Blood volume monitoring (BVM) is an integrated function in both HD systems for monitoring relative blood volume (RBV) and managing the UF rate during treatment by employing feedback control. The BVM measures blood density based on the velocity of ultrasound pulses traveling through a cuvette with precise dimensions, which is part of the arterial blood line.18 As a consequence of ultrafiltration, blood density changes, and with that, ultrasound velocity, which makes it possible to derive blood volume relative to the pre-dialysis state.19,20

The UF control algorithm in the BVM implements the critical RBV concept, in which an automatic feedback loop controls the ultrafiltration rate (UFR) to continuously maintain the RBV above a predefined value for the respective treatment (RBVcrit). At treatment start, it applies twice the mean UFR as defined for the respective treatment. This rate is reduced as the session progresses, particularly when the RBV approaches the RBVcrit initially set by the user.16,20 If RBV rises above RBVcrit due to vascular refilling, the UFR increases.

Patients received their regular treatment as prescribed by their attending physicians. Clinical practice at the study center was to set RBVcrit at 90% when a patient started treatment with blood volume–guided UF, and then to adjust upward or downward on an individual basis later, depending on whether the patient developed hypotonic episodes or was volume overloaded. Throughout the four-week study phase using the 6008 CAREsystem, RBVcrit and other treatment parameters should have been unchanged from the preceding treatment using the 5008 therapy system.

Retrospective data from each four-week treatment period with the 5008 therapy system, with and without applying the BVM, were recorded from available clinical records. During the four-week treatment using the 6008 CAREsystem with the BVM, data were collected prospectively.

The dialysis dose, Kt/V, was determined noninvasively for each treatment with On-line Clearance Monitoring (OCM)21 integrated into both HD systems.

In addition, treatment data (blood flow rate, dialysate flow rate, treatment time, substitution flow rate in case of on-line HDF, mean ultrafiltration rate and ultrafiltration volume), pre- and post-dialysis blood pressure and heart rate were documented. Except for the HD system, no change in treatment parameters was foreseen when switching from 5008+ to 6008+.

Fluid status was assessed with bioimpedance spectroscopy using the Body Composition Monitor (BCM, Fresenius Medical Care, Bad Homburg, Germany).11,22 Routinely, the study center used to perform BCM measurements as clinically required to guide UF based on volume status.

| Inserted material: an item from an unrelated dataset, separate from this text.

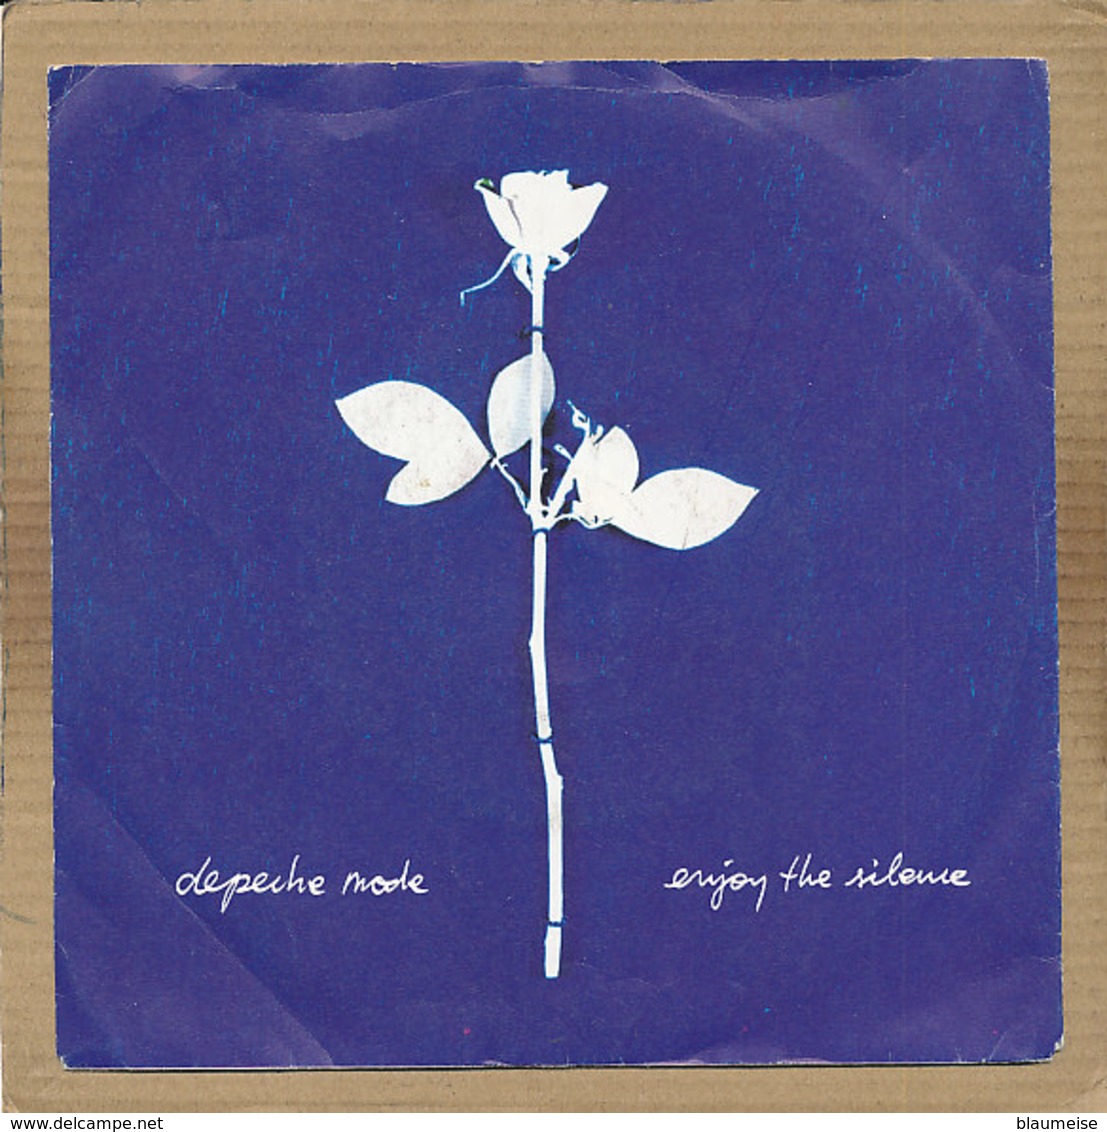 7" Single, Depeche Mode - Enjoy The Silence - Disco, Pop

For the two retrospective phases of the study, single BCM measurements taken at any time during each of the four-week phases were extracted from the patient record. During the prospective phase, BCM measurements took place as single pre-dialysis measurements at the midweek session of week 4.

Intradialytic morbid events (symptomatic hypotension (systolic blood pressure <100 mmHg, associated with symptoms and interventions), muscle cramps, headache, nausea, dizziness, fatigue or other) and other adverse events were documented from each treatment.

Ethical Conduct

This study was started after approval by the competent ethics committee (Ethics Committee of Landesärztekammer Hessen/State Medical Association of Hesse, Approval No. FF103/218). All patients were informed orally and in writing of the purpose, conduct and risks of the study and were only enrolled after signing the informed consent form. The study was conducted in accordance with the principles of the Declaration of Helsinki.

Trial Registration

The study was registered with the Deutsches Register für Klinische Studien/German Clinical Trials Register (DRKS) with the following DRKS ID No.: DRKS00024720 on March 17, 2021.

Statistical Analysis

Analyses included all study patients for whom at least one documented treatment within the respective study phase with a valid outcome measurement was available. The safety analysis included all patients enrolled in the study.

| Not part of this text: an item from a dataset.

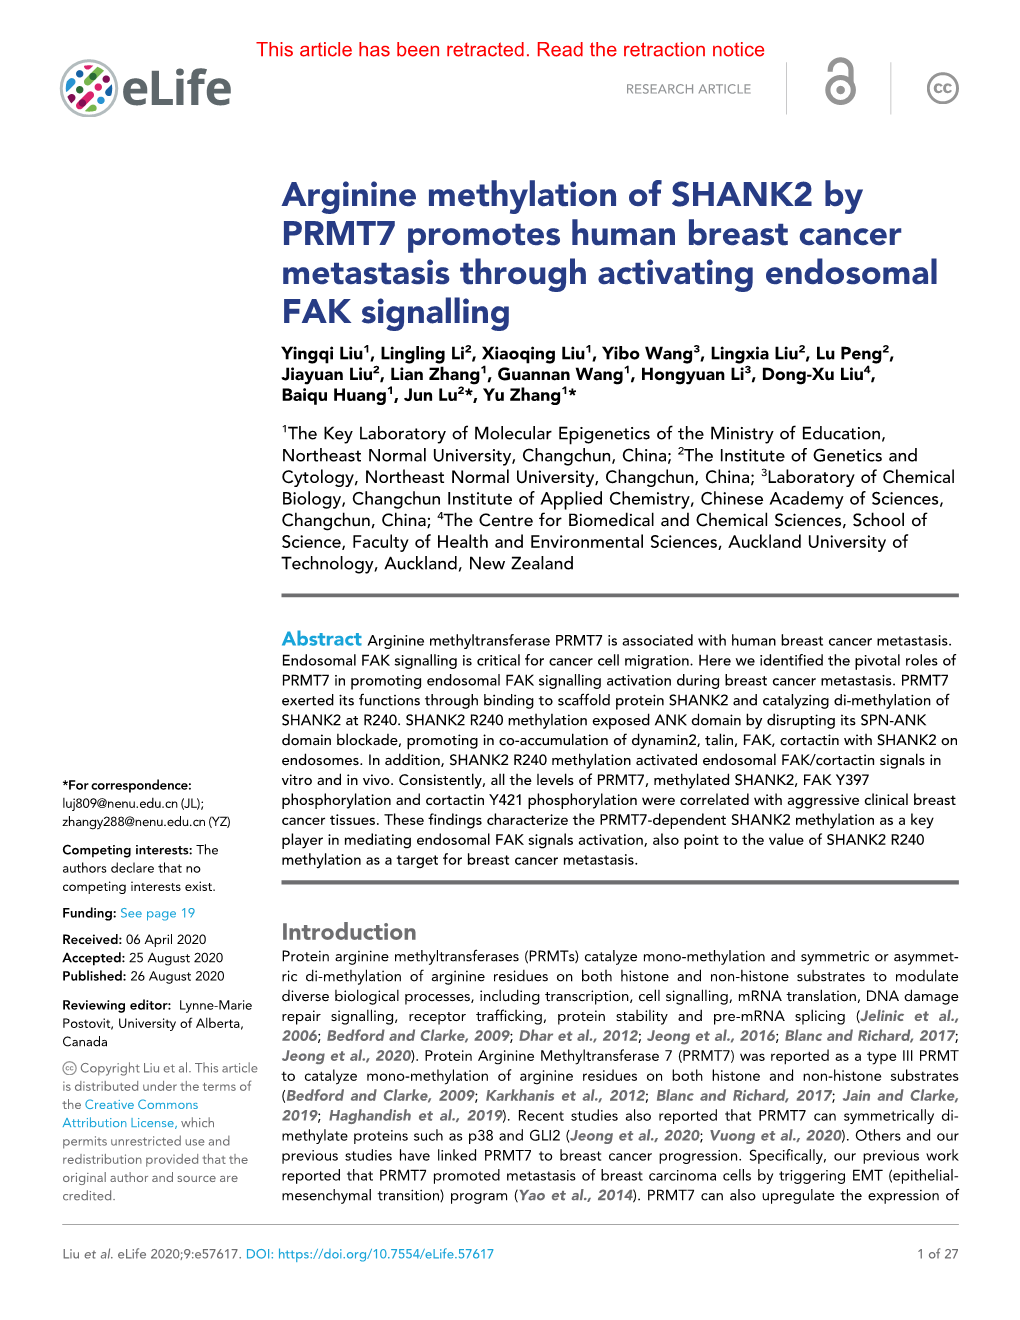 Arginine Methylation of SHANK2 by PRMT7 Promotes Human Breast Cancer Metastasis Through Activating Endosomal FAK Signalling

Due to the exploratory nature of the study and its purpose as a post-market clinical follow-up study, no formal sample size estimation was performed. The target enrollment of 24 patients was mainly based on center feasibility.

A descriptive presentation of the parameters assessed during the study is provided by study phase. For continuous variables, mean and standard deviation are indicated; for categorical variables, absolute and relative frequencies are presented. Repeated measurements within the study phase were first averaged over all valid measurements by the patient and then descriptively summarized for the entire study population.

Study outcome parameters (Kt/V, UF volume, predialysis fluid overload) were compared exploratively employing a linear mixed model assuming no carryover effect. This model included a dichotomous treatment variable as a fixed effect for the comparisons of study phases 6008+ and 5008+, as well as 5008− and 5008+. Random patient effects accounted for intercorrelations of repeated Kt/V measurements in patients; one of them was nested within the fixed study phase to allow for larger intercorrelations of Kt/V measurements within and across study phases.

No study hypothesis was formulated; therefore, all results, including p-values were interpreted on a purely exploratory basis.

Comparisons between study phases regarding safety parameters were based on descriptive statistics.

Statistical analysis was performed using SAS 9.4 (SAS Institute Inc., Cary, NC, USA).

Results

A total of 24 patients who previously underwent HD or on-line HDF with the 5008 therapy system and the BVM were enrolled in the study and switched to treatment with the 6008 CAREsystem. Data on HD treatments with the 5008 therapy system without the BVM were usable for 21 patients. Data from three patients were excluded because they were from treatments that did not take place within the previous two years or were not performed completely with the 5008 therapy system. The median interval between this study phase and enrollment in the prospective study phase was 5.8 months [range 2.7–18.3]. The patients were, on average, 76.5 years old, and 50% were male. The leading causes of chronic kidney disease were diabetes (33%) and hypertension (17%) (Table 1).

Table 1 Patient Characteristics (at Time of Enrollment, Before Starting 6008+ Phase)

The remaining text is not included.